Abschließend kann ich nur sagen, dass dieses exklusive Konzert von Goethes Erben ein unvergessliches Erlebnis war, das mir noch lange in Erinnerung bleiben wird. Die Band hat es geschafft, trotz der düsteren und dystopischen Thematik des neuen Albums, Hoffnung und Licht am Ende des Tunnels zu vermitteln. Die Mischung aus alten Klassikern und neuen Stücken, die uns auf eine musikalische Zeitreise mitnahmen, war einfach überwältigend. Die Nähe zur Band, die intime Atmosphäre des Zentrums in Bayreuth und die Tatsache, dass dieses Konzert das einzige seiner Art war, machten den Abend noch besonderer. Ich konnte förmlich spüren, wie sich die Emotionen im Raum aufbauten und eine einzigartige Verbindung zwischen den Musikern und dem Publikum entstand.

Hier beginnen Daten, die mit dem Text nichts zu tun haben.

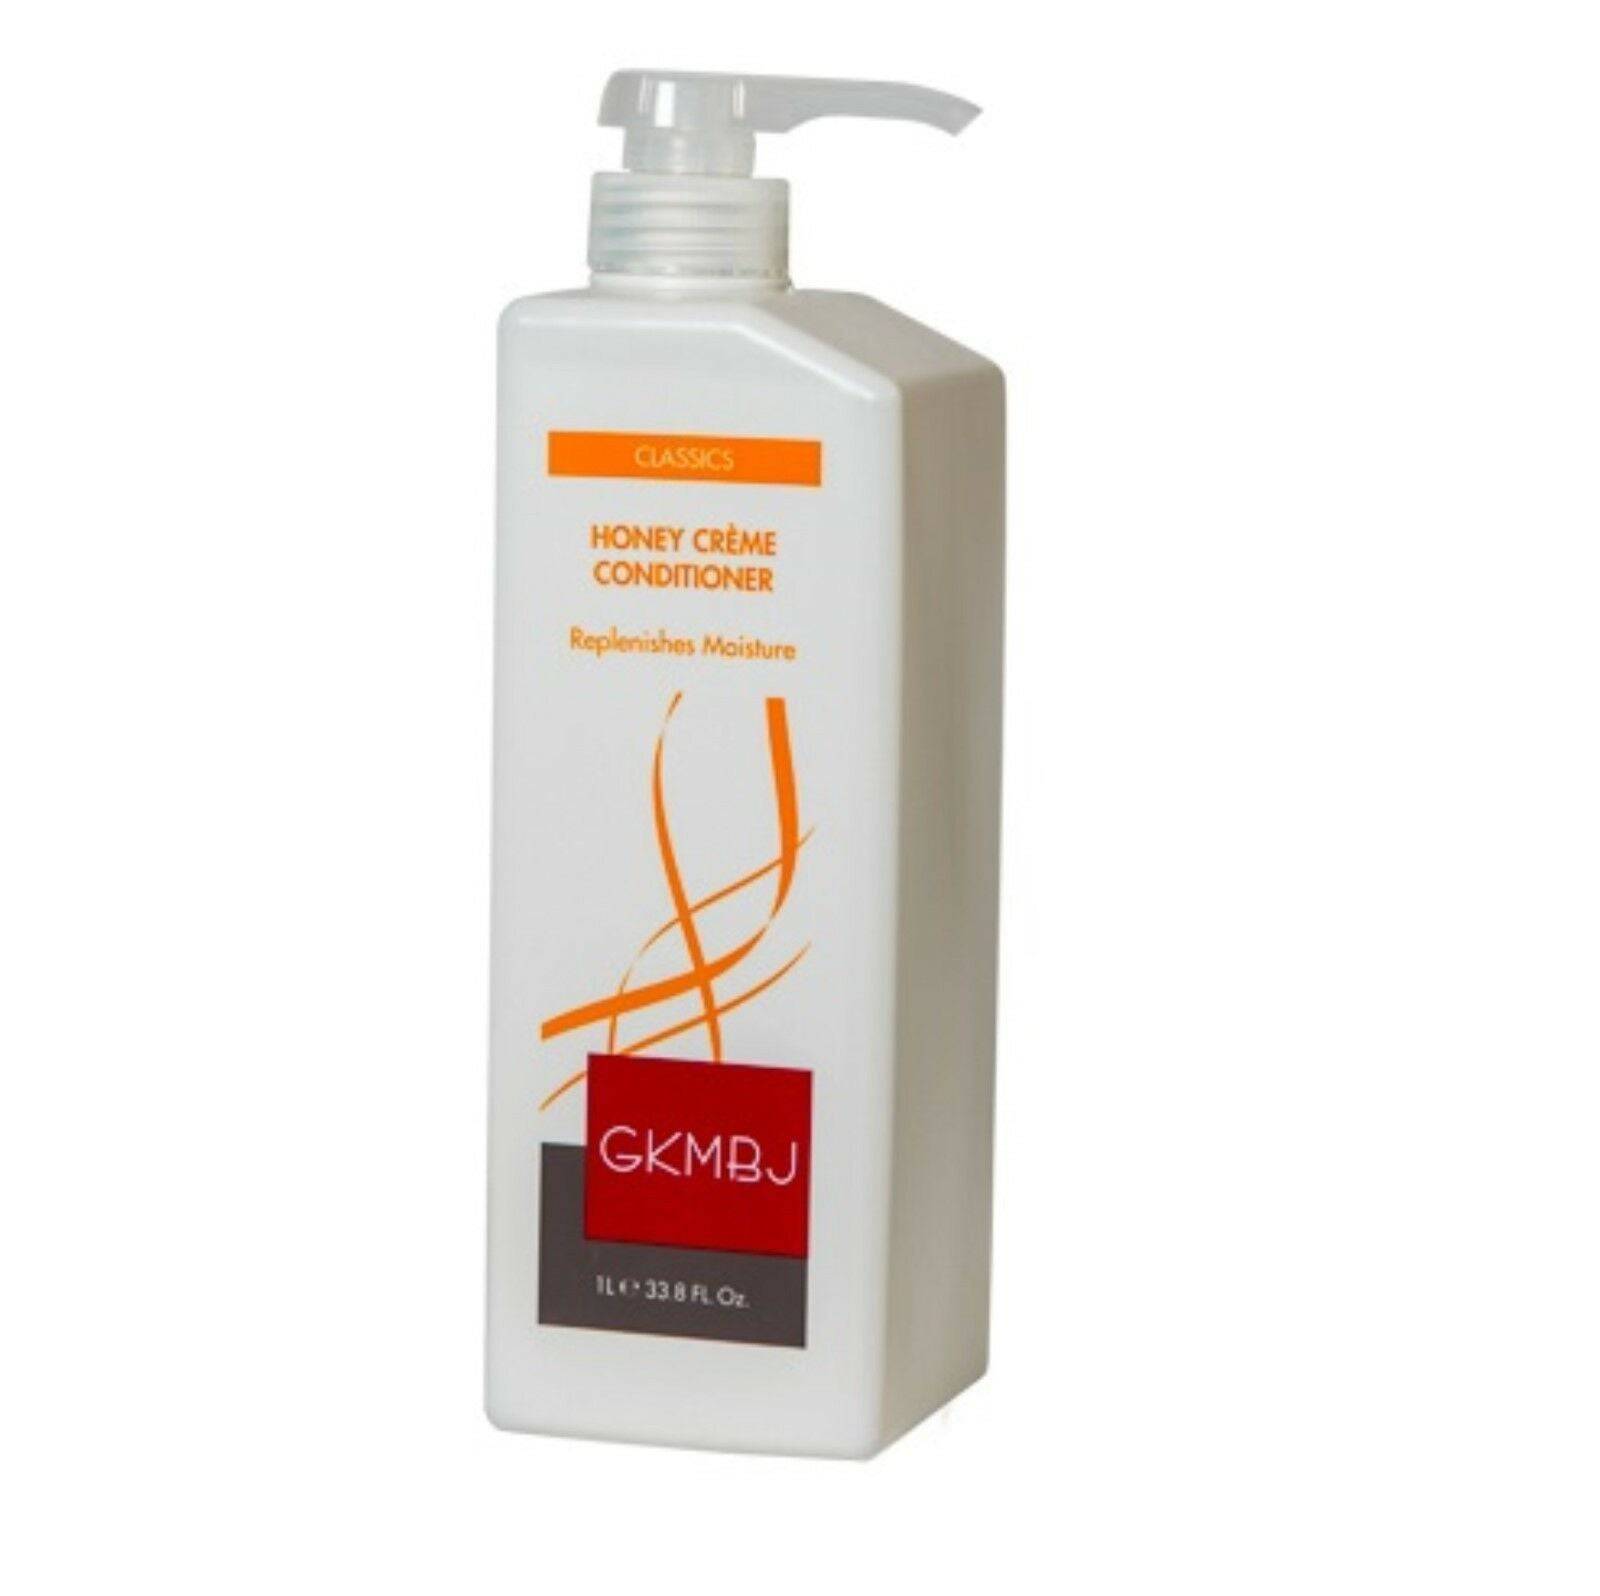 GKMBJ Hydrating Shampoo & Honey Creme Conditioner 1lt each Replenishes  Moisture - On Line Hair Depot

Als ich nach dem Konzert nach Hause ging, fühlte ich mich gleichzeitig erschüttert und inspiriert. Erschüttert von den düsteren Themen, die Goethes Erben in ihren Liedern aufgriffen, und inspiriert von der Kraft und Leidenschaft, mit der sie diese präsentierten. Es war ein Wechselbad der Gefühle, das mich noch lange beschäftigen wird. Ich kann jedem, der die Möglichkeit hat, ein Konzert von Goethes Erben zu besuchen, nur ans Herz legen, dies auch zu tun. Die Band hat es geschafft, eine einzigartige musikalische Identität zu entwickeln, die in der heutigen Musiklandschaft ihresgleichen sucht. Ihre Kombination aus düsterer Poesie, eindringlichen Melodien und packenden Live-Performances ist etwas, das man einfach selbst erleben muss, um es wirklich zu begreifen.

Um es zusammenzufassen, war das exklusive Konzert von Goethes Erben im Bremer Schlachthof ein unvergesslicher Abend, der mich tief bewegt hat. Die Band hat einmal mehr bewiesen, dass sie trotz – oder gerade wegen – der düsteren Thematik ihrer Musik in der Lage ist, ihre Zuhörer zu inspirieren und ihnen neue Perspektiven auf die Welt zu eröffnen. Ich bin dankbar, Teil dieses besonderen Abends gewesen zu sein und freue mich bereits jetzt auf zukünftige Konzerte und Projekte von Goethes Erben. Wenn auch mit neuer Besetzung.